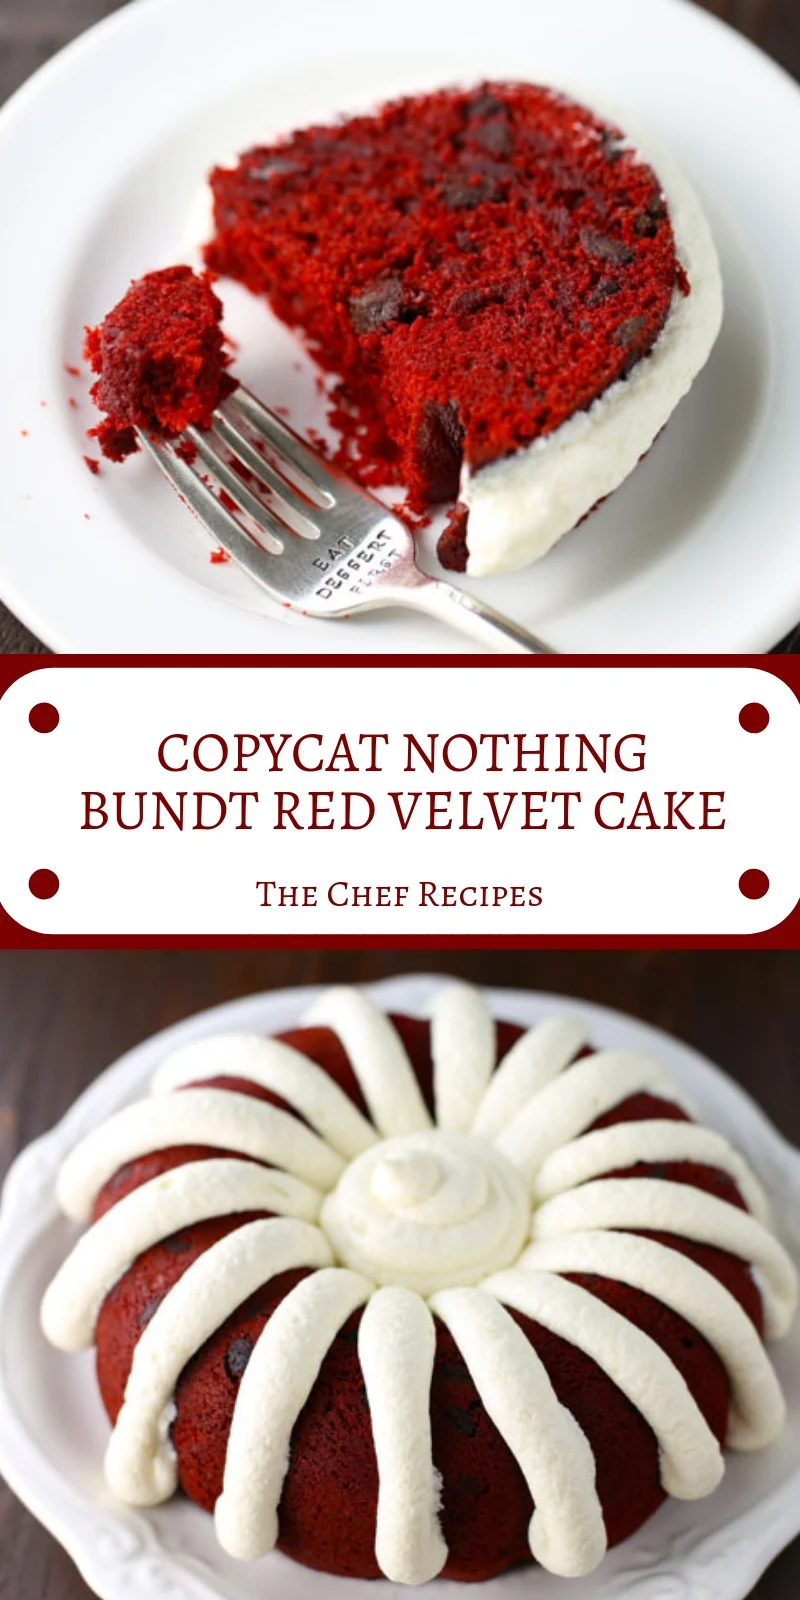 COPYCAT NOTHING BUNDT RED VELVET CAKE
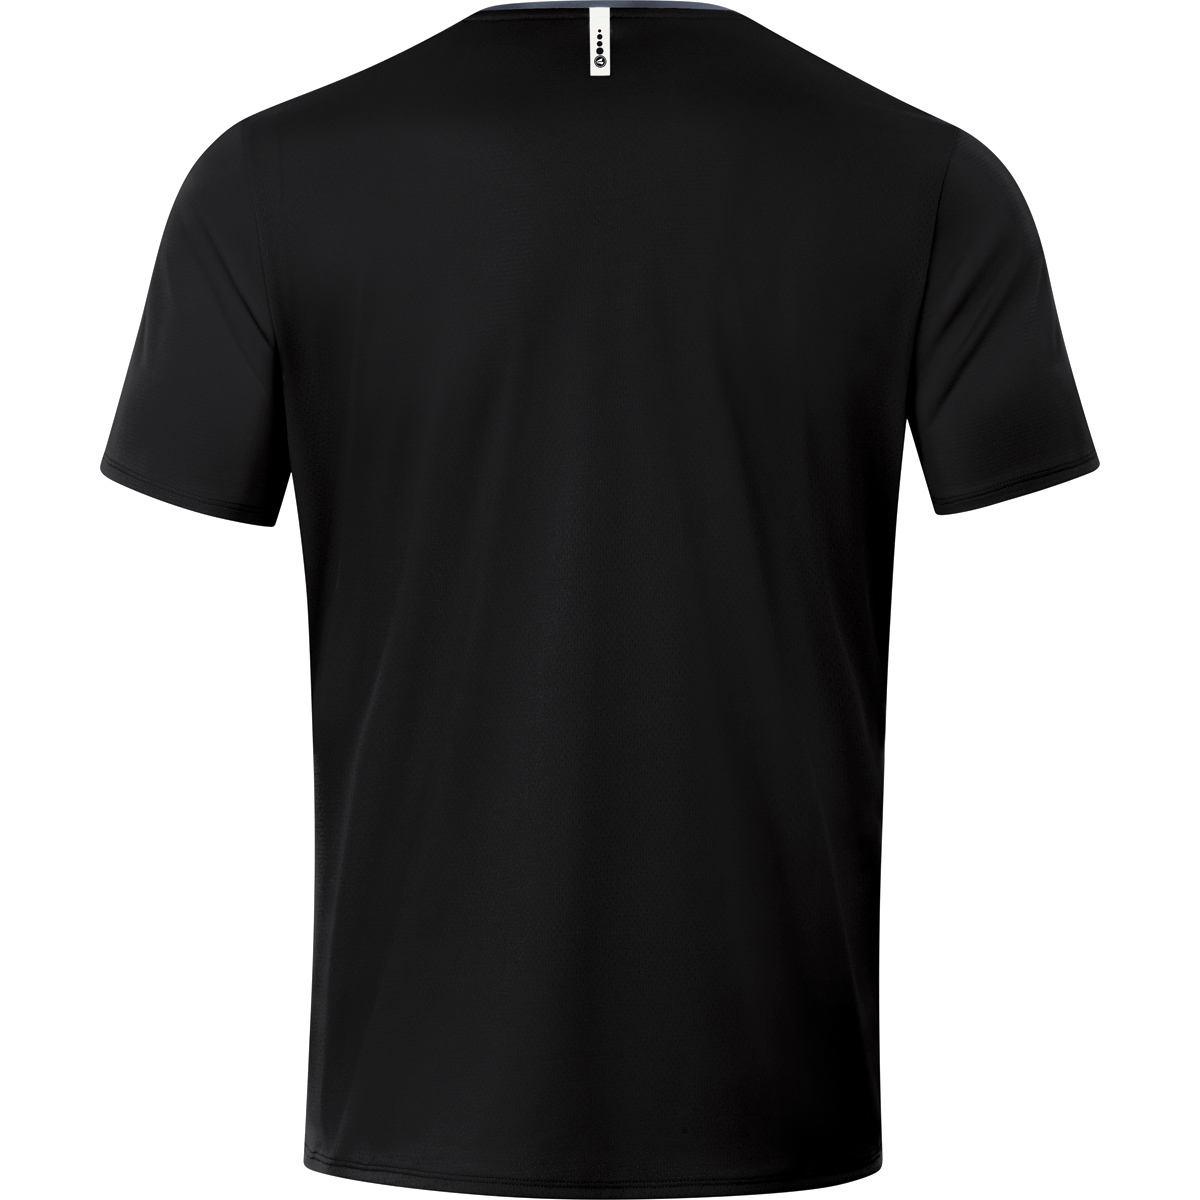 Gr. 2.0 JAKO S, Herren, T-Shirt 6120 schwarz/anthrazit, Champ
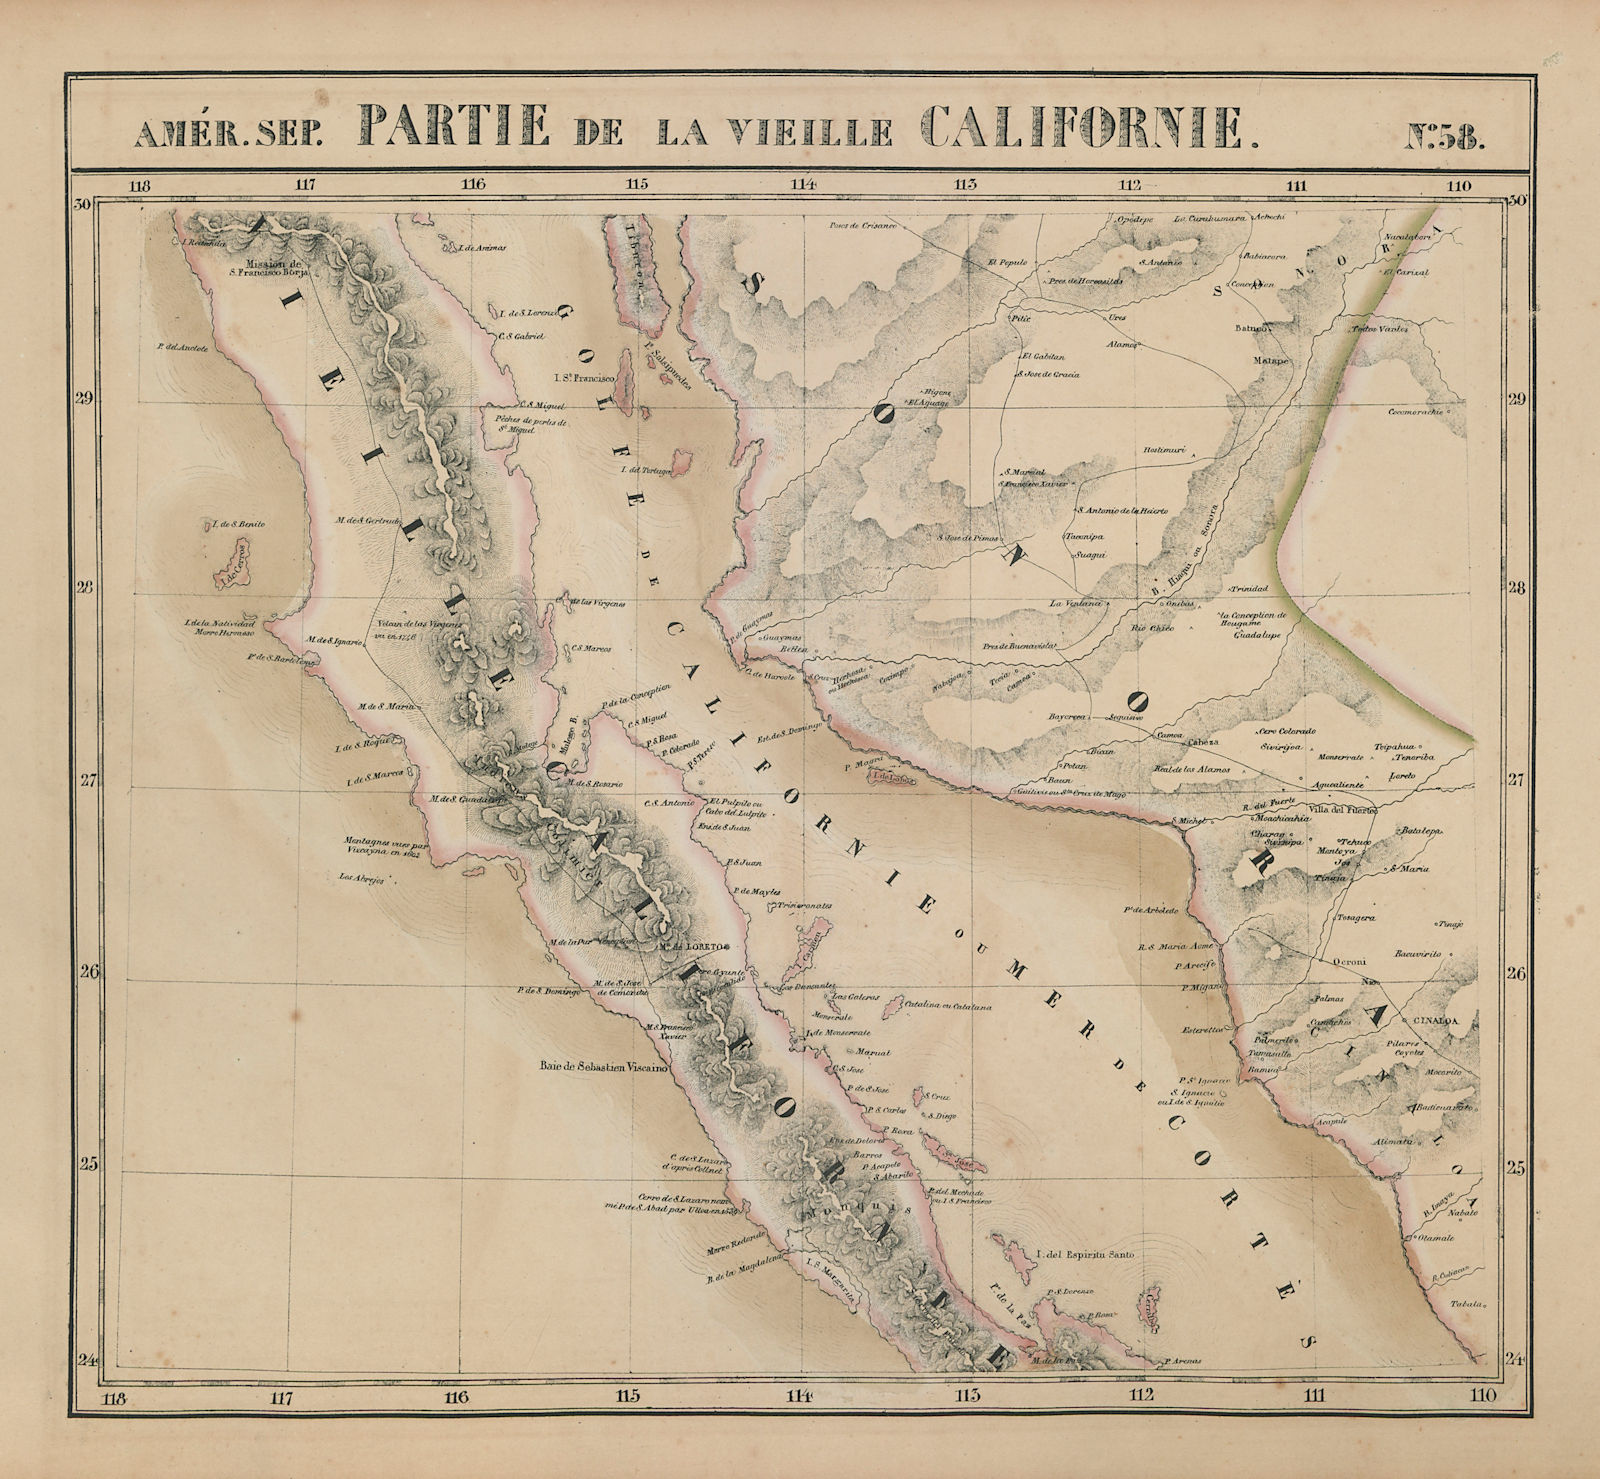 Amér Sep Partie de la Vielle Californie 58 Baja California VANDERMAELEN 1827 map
■ ■ ■ ■ ■
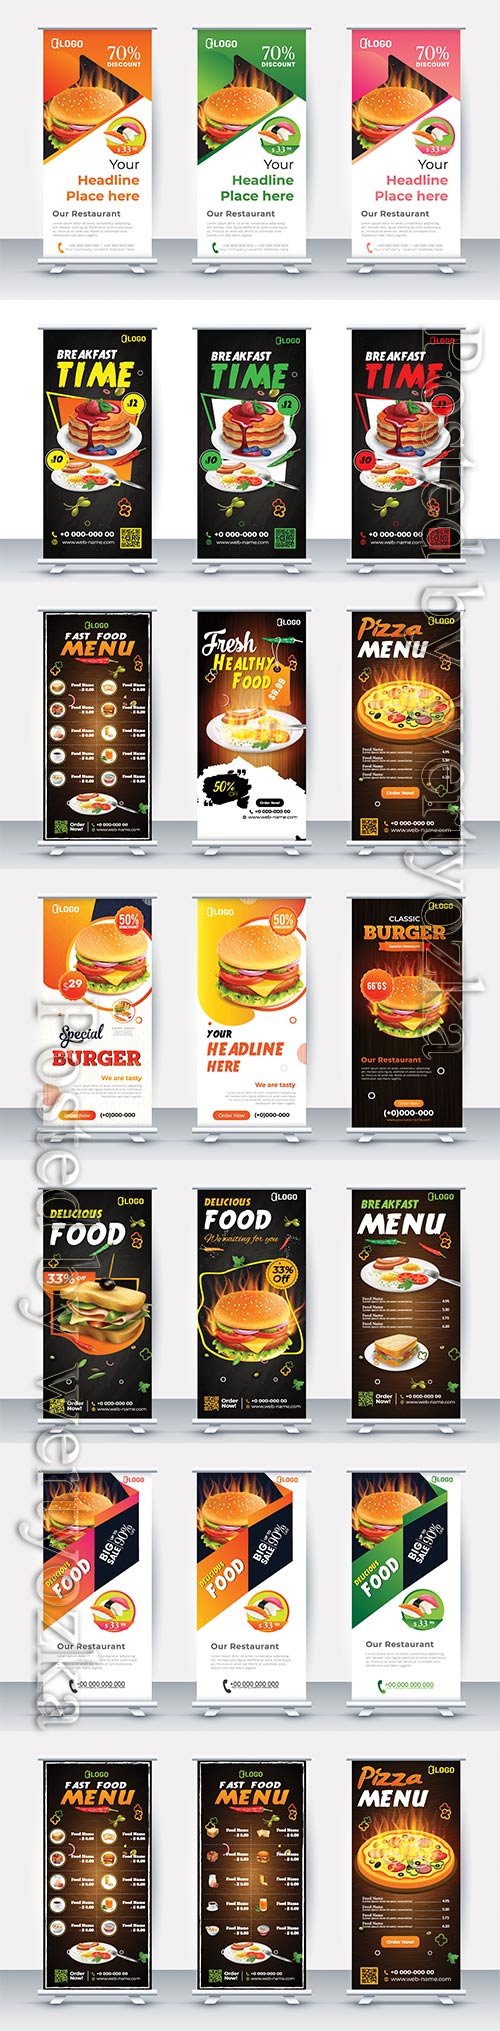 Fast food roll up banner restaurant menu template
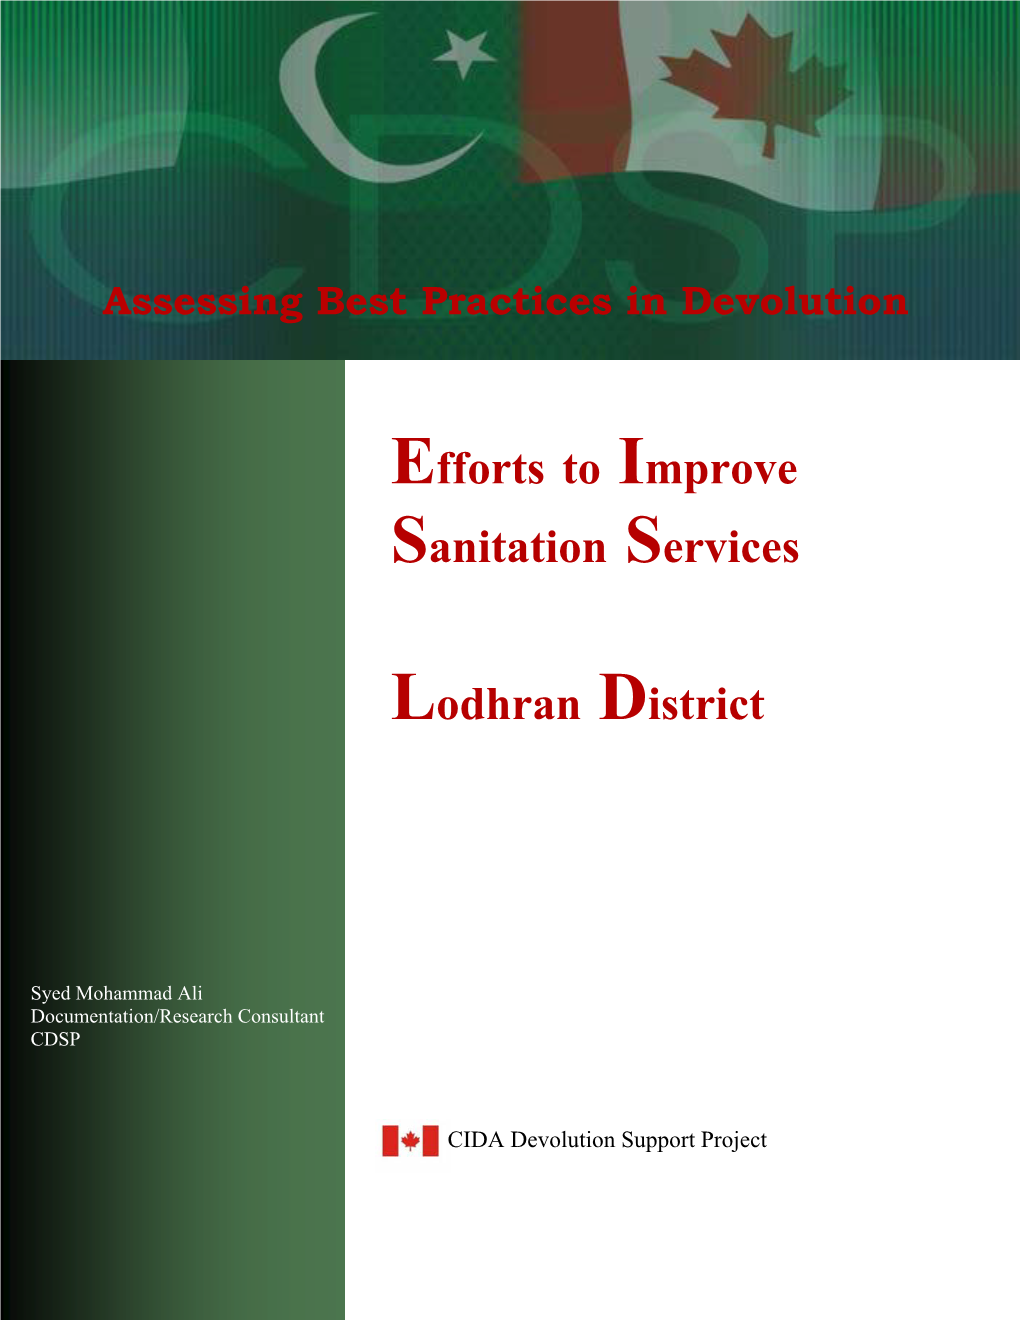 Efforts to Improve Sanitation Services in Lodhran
■ ■ ■ ■ ■
Those lines of the records above that run from the one containing "Fast food roll" through the one containing "Efforts to Improve" should be returned exactly, with no pictures among them.

Completed task.
 Fast food roll up banner restaurant menu template
 Efforts to Improve Sanitation Services in Lodhran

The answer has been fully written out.